Harold Rhenisch, The Tree Whisperer: How to Write Poetry by Living in the World

 Let’s start with this: in The Tree Whisperer, Harold Rhenisch has given his readers some of his clearest, most evocative writing yet about BC and about writing, and for a writer who’s built his career on communicating the nuances and echoes of place in/and language, that’s saying something.

Let’s also admit this, too, though: The Tree Whisperer contains passages, pages, maybe even whole sections that’ll baffle just about any of his readers.

Theresa Kishkan, characteristically, several years ago casually offered some deep wisdom about about Harold Rhenisch in a short, possibly offhand comment on my olde blog.

“The thing about Harold is that he doesn't write to a template, his books aren't manufactured to appeal to a particular publishing mode -- and those are the qualities that appeal to me most, I think. He doesn't tie up loose ends, his sense of narrative is organic and responds to weather and the idiosyncratic nudges of sunlight and starlight, so he's not necessarily easy to categorize or place. And thank goodness for that.”

And yeah, yes, right, that’s true, even if I’ve kept piling up words trying to articulate that sensibility as well as its value. It has been a few years since I blogged about him, but I’ve made the attempt several times, and I’ve kept reading Rhenisch even if I haven’t been blogging about him. (Or indeed blogged about anything: viz, the silence between April 2020 and May 2022, and between July 2022 and May 2023.)
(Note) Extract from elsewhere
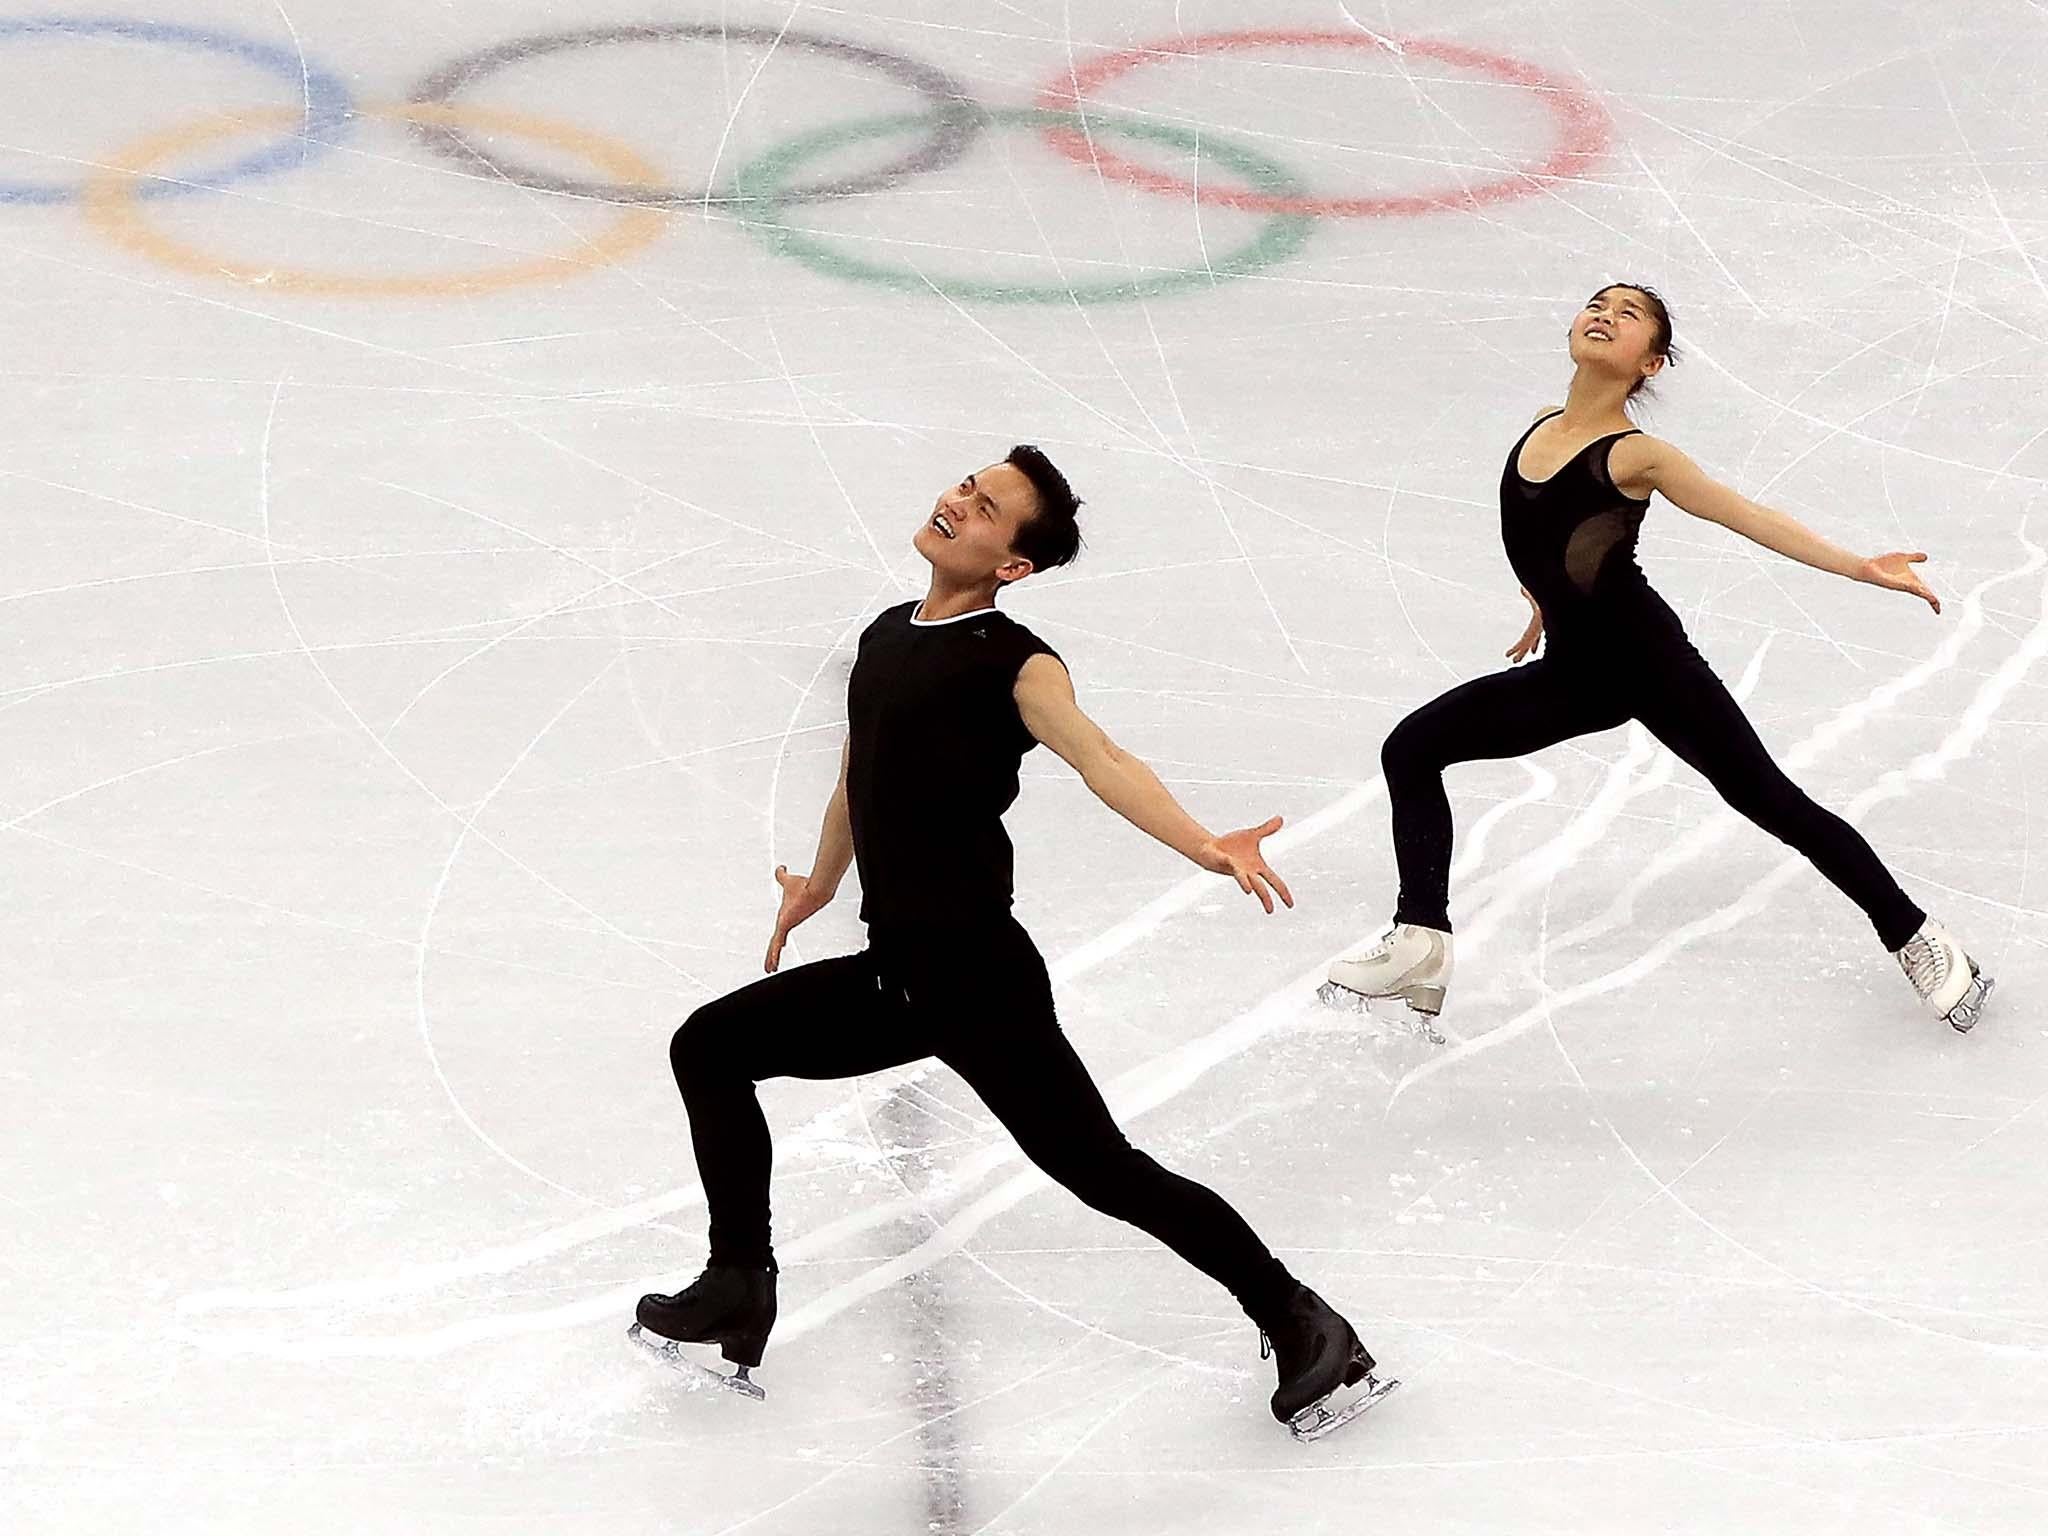 North Korean figure skaters practice in South Korea ahead of the Winter Olympics

Overall, Rhenisch isn’t an easy read, especially when you start reading him, and even more so if you inadvertently start with something that’ll never suit your reading. As well, he’s got his detractors amongst those one might expect to consider his potential audience, and my sense is that his books are written experimentally, to see how they’ll work out. If you’re unclear what parallels he sees between colonialism and how first-wave and second-wave colonial Canada are being transformed (rural —> urban, among other things), if you don’t know what side he’d choose in relation to a writer he’s discussing (if you’re not clear that there might be sides, or how many sides!), if you’re unfamiliar with the outlines of agricultural history in British Columbia, well, your reading may cost you some effort, my friend:

"Much of poetry is still compressed into books, with heavily pruned lines arranged to fit the requirements of machine printing. These corsets for verse are little different from planting an orchard to match the shape of a heavy, industrial tractor. That’s what been done to us. That’s what’s been done to trees." (p.16)

But.

Sometimes, as in whole sections of The Tree Whisperer (“Learning to See” being one such), I suddenly find shining in the sun or water what I take Rhenisch to be trying to articulate: “I was writing you into my valley and my valley into you” (p.122).
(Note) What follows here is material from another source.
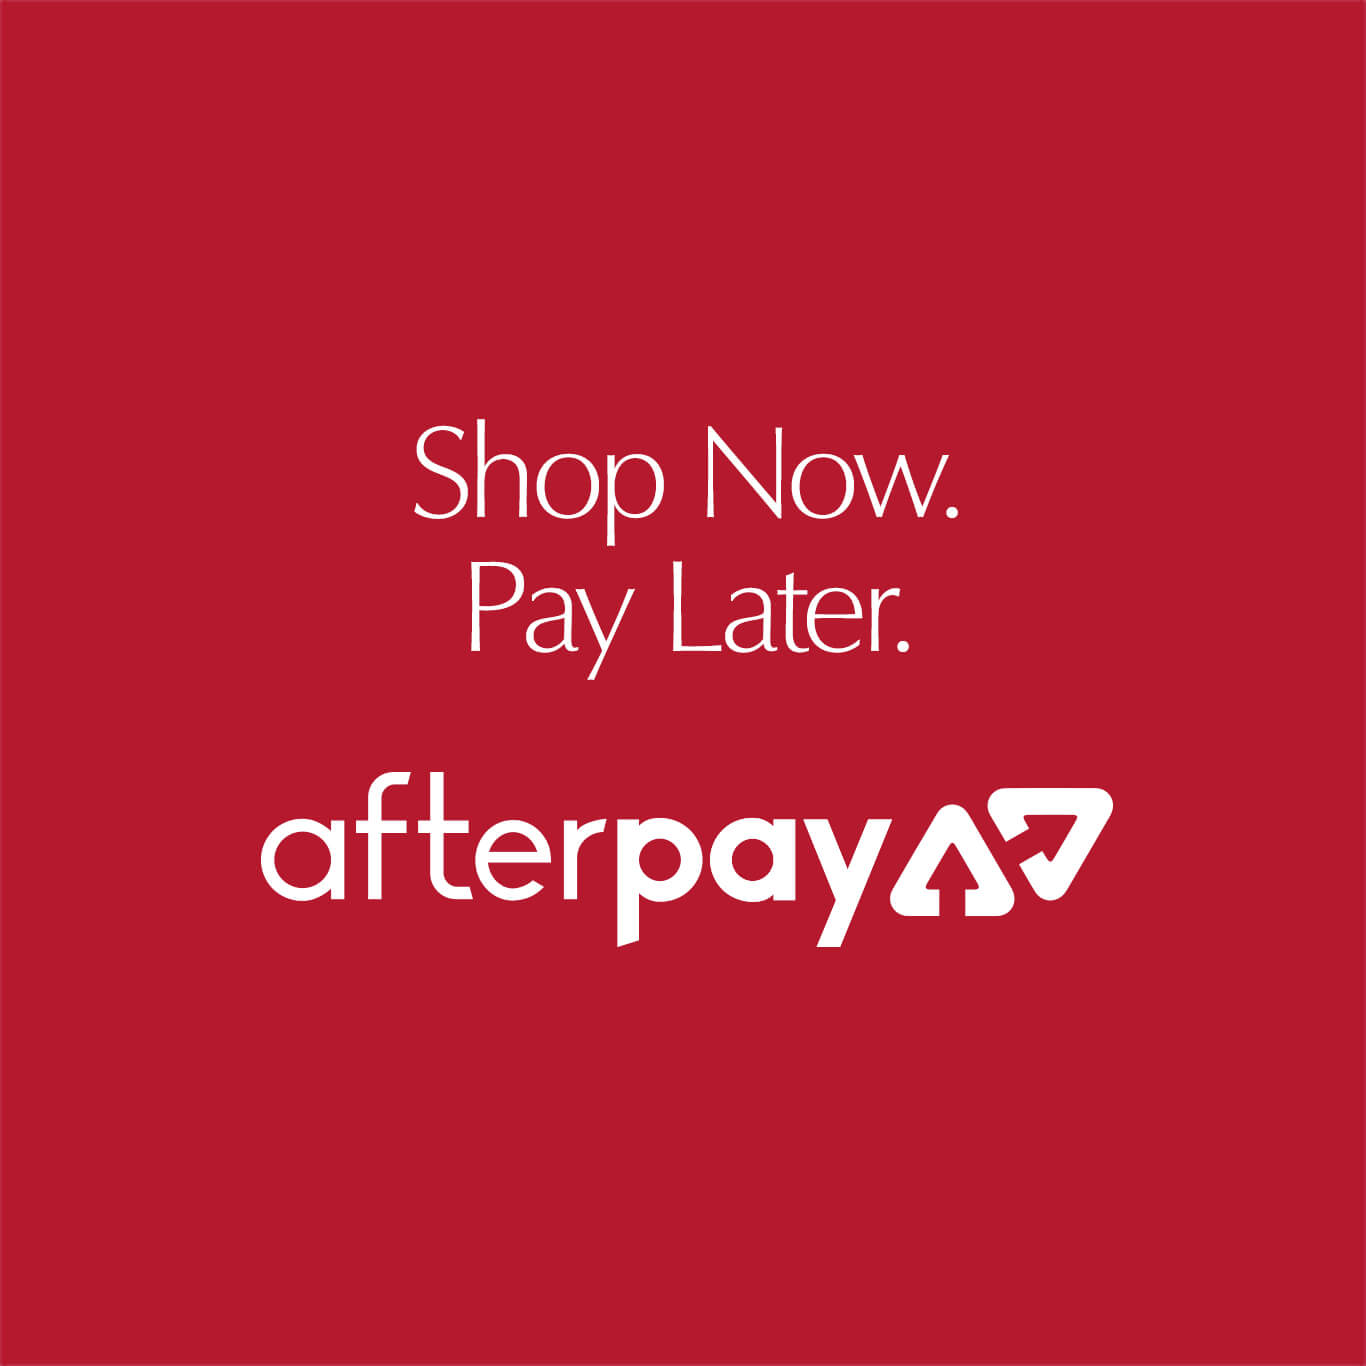 Afterpay - Beauty now, pay later in 4 installments.

For complicated reasons, I can’t seem to write a full review/comment on this book, even though I want to, so if you want more, I’d suggest the generous, open-hearted reading by Adrienne Fitzpatrick in The BC Review. Like me, Fitzpatrick seems to have struggled with The Tree Whisperer, but in the end she found her way through by recognizing the sort of reciprocal koans at the book’s heart: “Trees shaped and continue to shape his life, education, and poetry. Trees are poetry, and Rhenisch is a tree. Once I got my head around it, I was there with him, following him through his orchard and the lands and rivers of his home in the North Okanagan.”

When I can be there with him, when I’m not bogged down or bound up in my internal conflicts sparked by reading him, I’m a very, very happy reader. With The Tree Whisperer, I found myself there often, and intensely so — even if this made me cranky when I couldn’t find a way to make the imaginative trip.